Гошка добирался до светлого поворота дороги, поджидал спокойно идущего человека и лез дальше сквозь редеющий к вершине кустарник.
И вот наконец они сошлись на последней площадке горы, где была каменная скамья, и заросли внизу, и серые тучи над головой. И огромный воздух кинулся Гошке в легкие, и воздухом наполнилось его сердце.
Человек посмотрел в сумасшедшие Гошкины глаза и взял за плечо тяжелой рукой.
— Ну, давай вниз — сказал он. — Тебя — как зовут?
— Гошка.
И они спустились в Кисловодск.
Гошку трясло и тошнило.
Перед длинной деревянной лестницей, которая белела в сумерках на травяном склоне, у Гошки закружилась голова, и он потерял сознание. И человек подхватил его на руки и отнес домой.
— Это от высоты. Перебрал, — сказал он маме. — Дайте ему молока.
Кисловодск — это такой город на Кавказе. А что такое Кавказ — знает каждый. Ну что может случиться в Кисловодске необычного? Разве что испортишь желудок в столовой «Храм воздуха» или украдут штаны в минеральных ваннах.
Четвертым за столик сел человек с головой, бритой наголо. У него были покатые плечи и глаза, сощуренные по-степному.
Мама убрала со скатерти панаму младшего брата Сереги.
— Спасибо, — вежливо сказал человек.
Подали щавелевый суп, и четырехлетний Серега стал с силой втягивать жижу с ложки.
— Не хлюпай, — сказала она, покосившись на человека.
Тот спокойно ел, глядя в тарелку, но щеки у него не вздувались буграми, когда он жевал хлеб и бесшумно запивал его супом.
Гошка попробовал так есть, но у него ничего не получалось.

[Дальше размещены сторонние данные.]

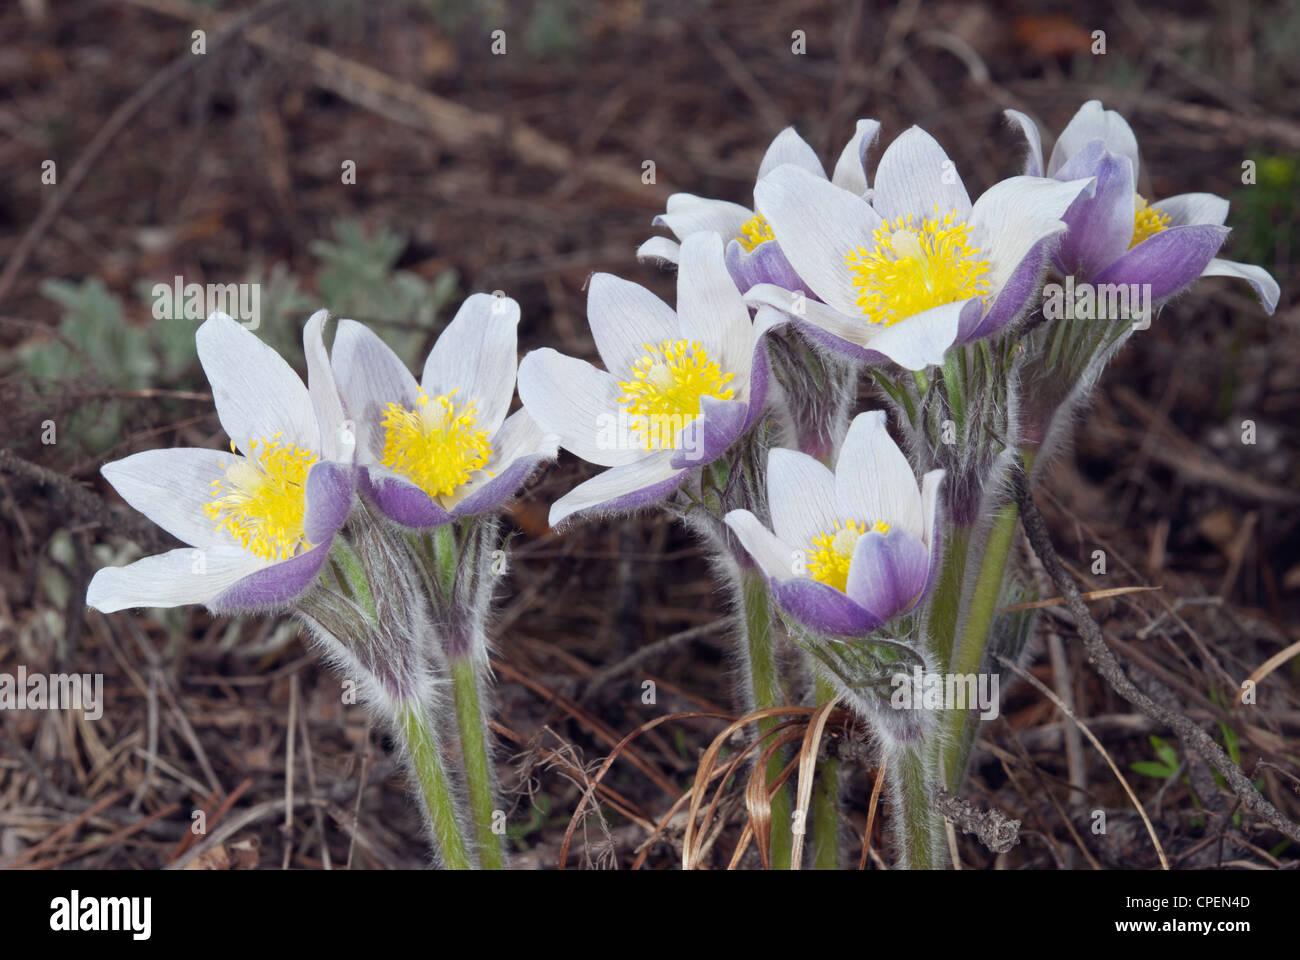 Pasque-flower (Pulsatilla patens, P. latifolia) - Stock Image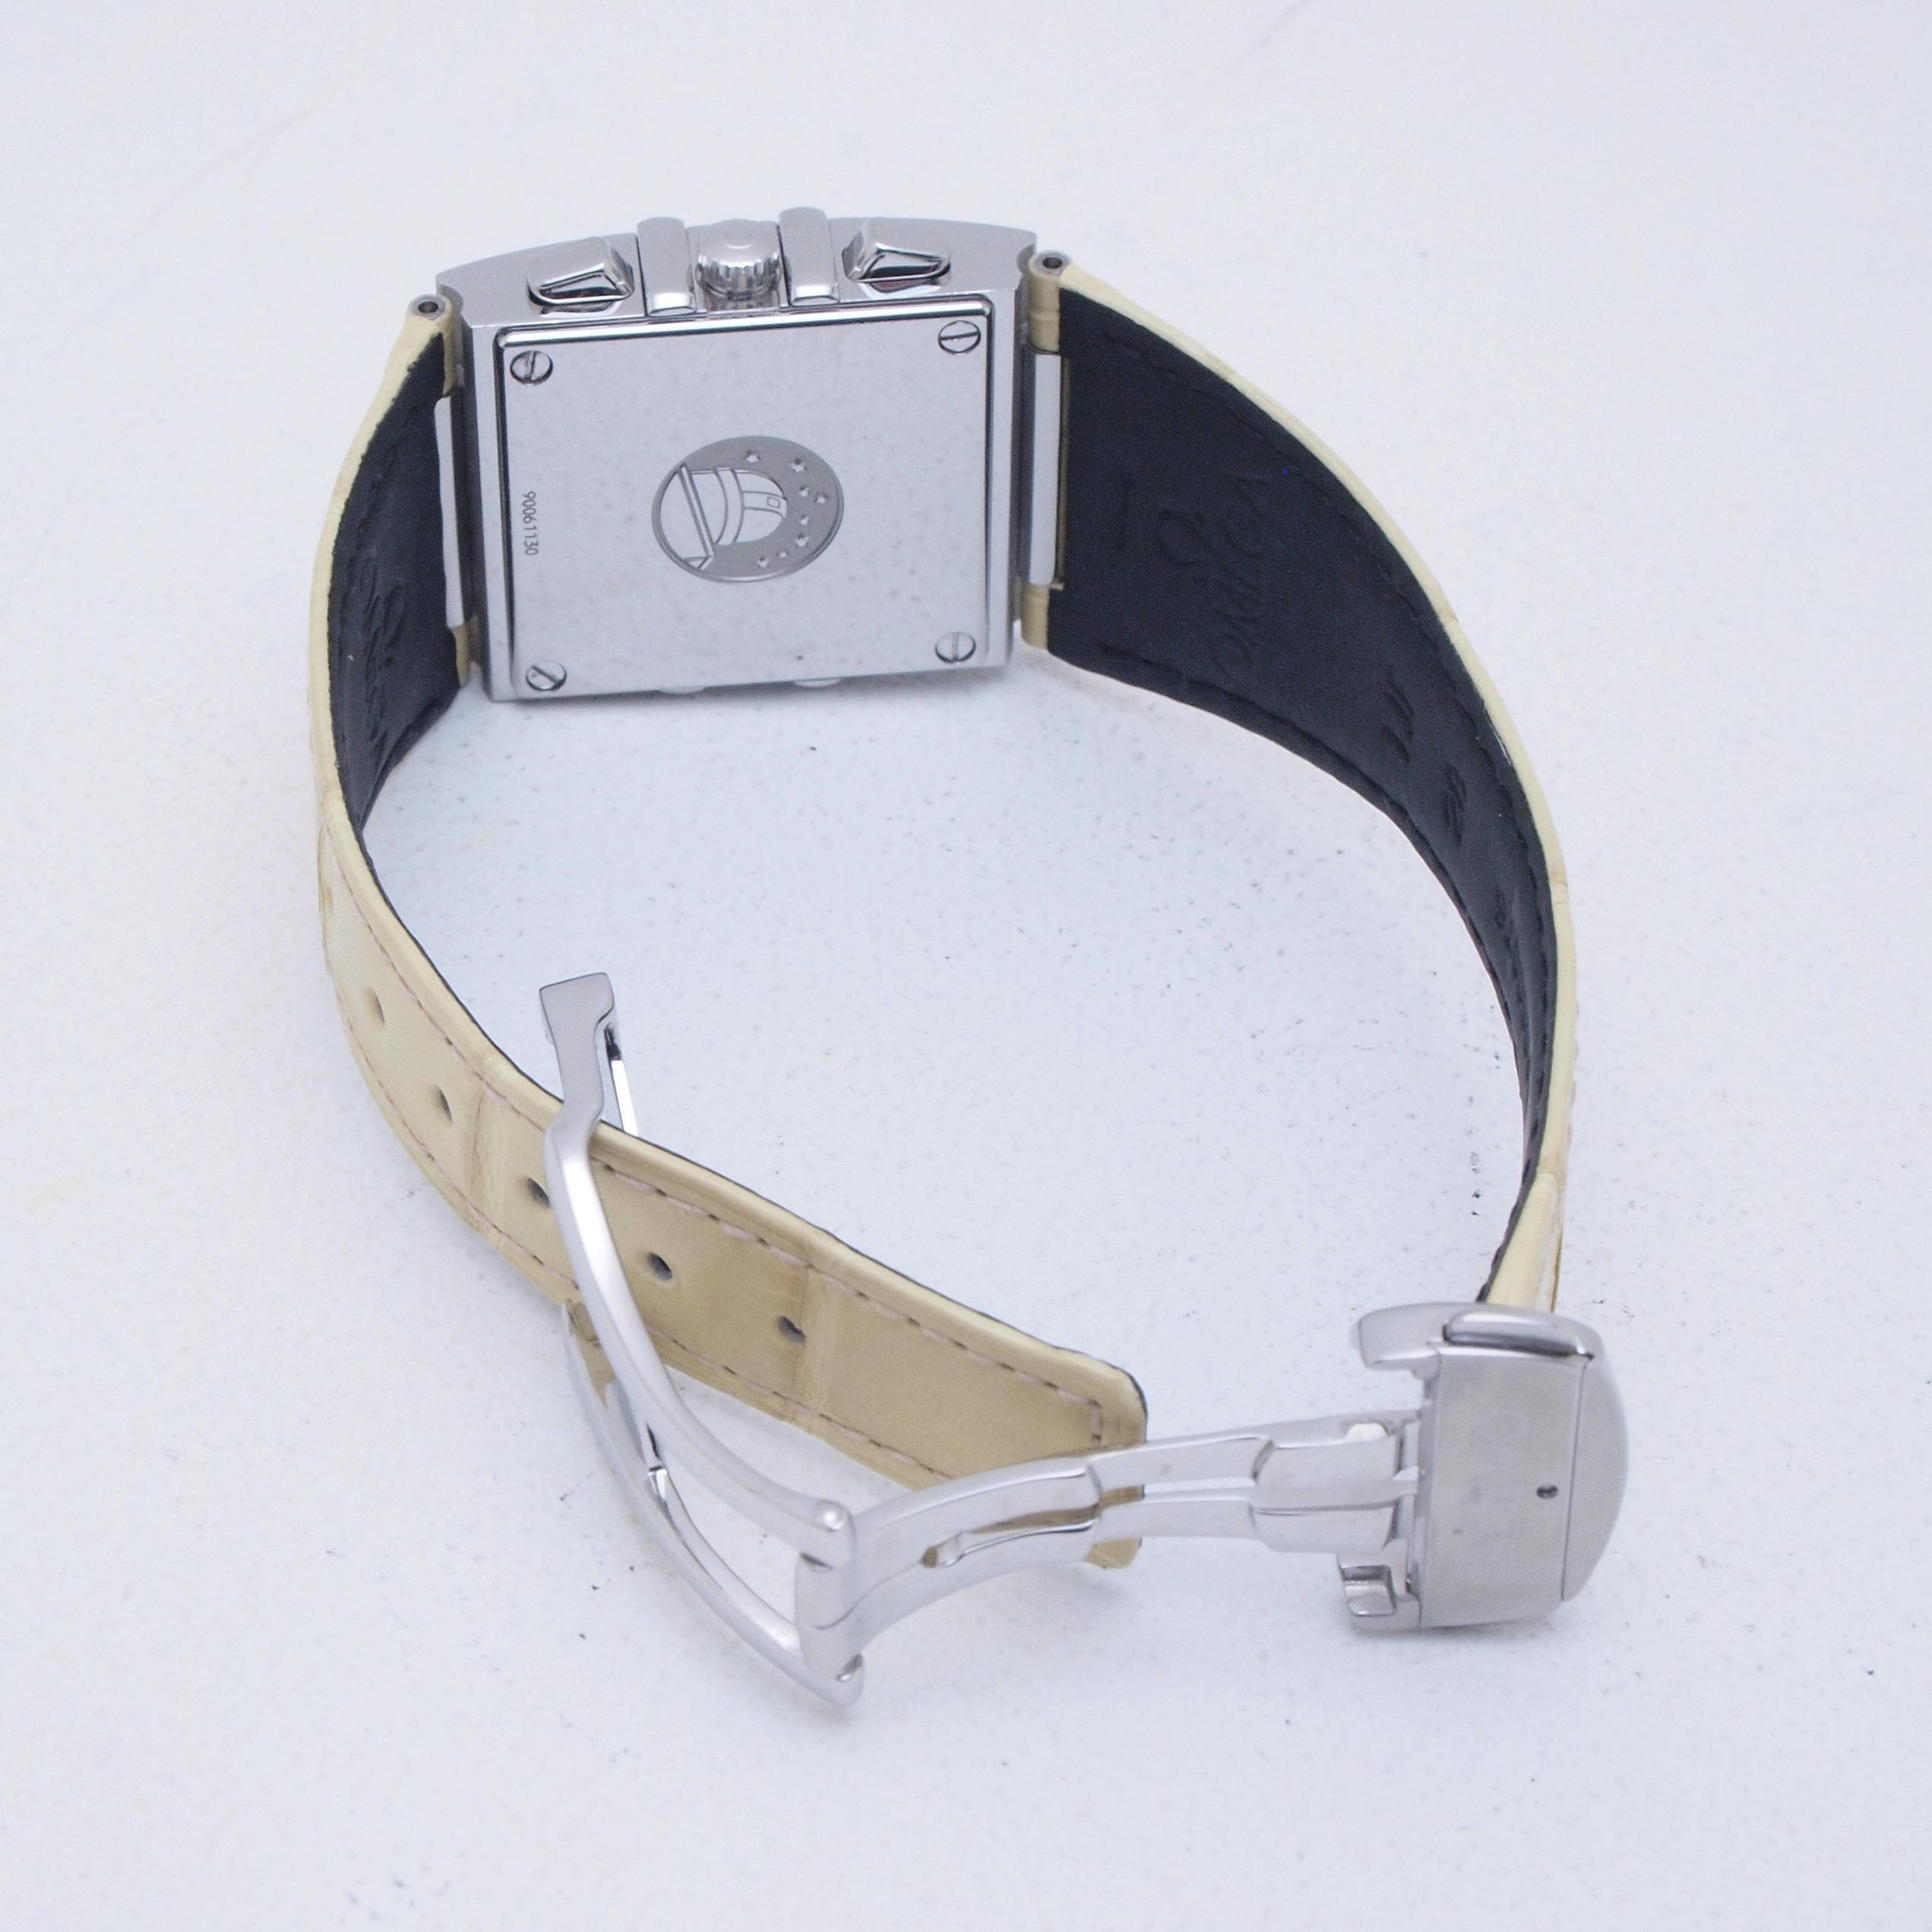 http://オメガ%20OMEGA%20レディース腕時計%20コンステレーション カレ クアドラ%20SS/ダイヤ%20シェル文字盤%20中古%20新入荷%20おすすめ

Человек хорошо ел. Почти как отец. Только спокойней и не читал за столом. Отец хорошо ел. Всякая еда казалась вкусной, и даже Серега не канючил. Гошка любил, когда так едят. Любил, когда это похоже не на обжорство, не на баловство и не на брезгливое принятие пищи и даже не на утоление голода, а когда это больше всего похоже на работу. Много лет спустя в фильме «Судьба солдата в Америке» так ел итальянские макароны один второстепенный гангстер и запомнился, потому что был личностью.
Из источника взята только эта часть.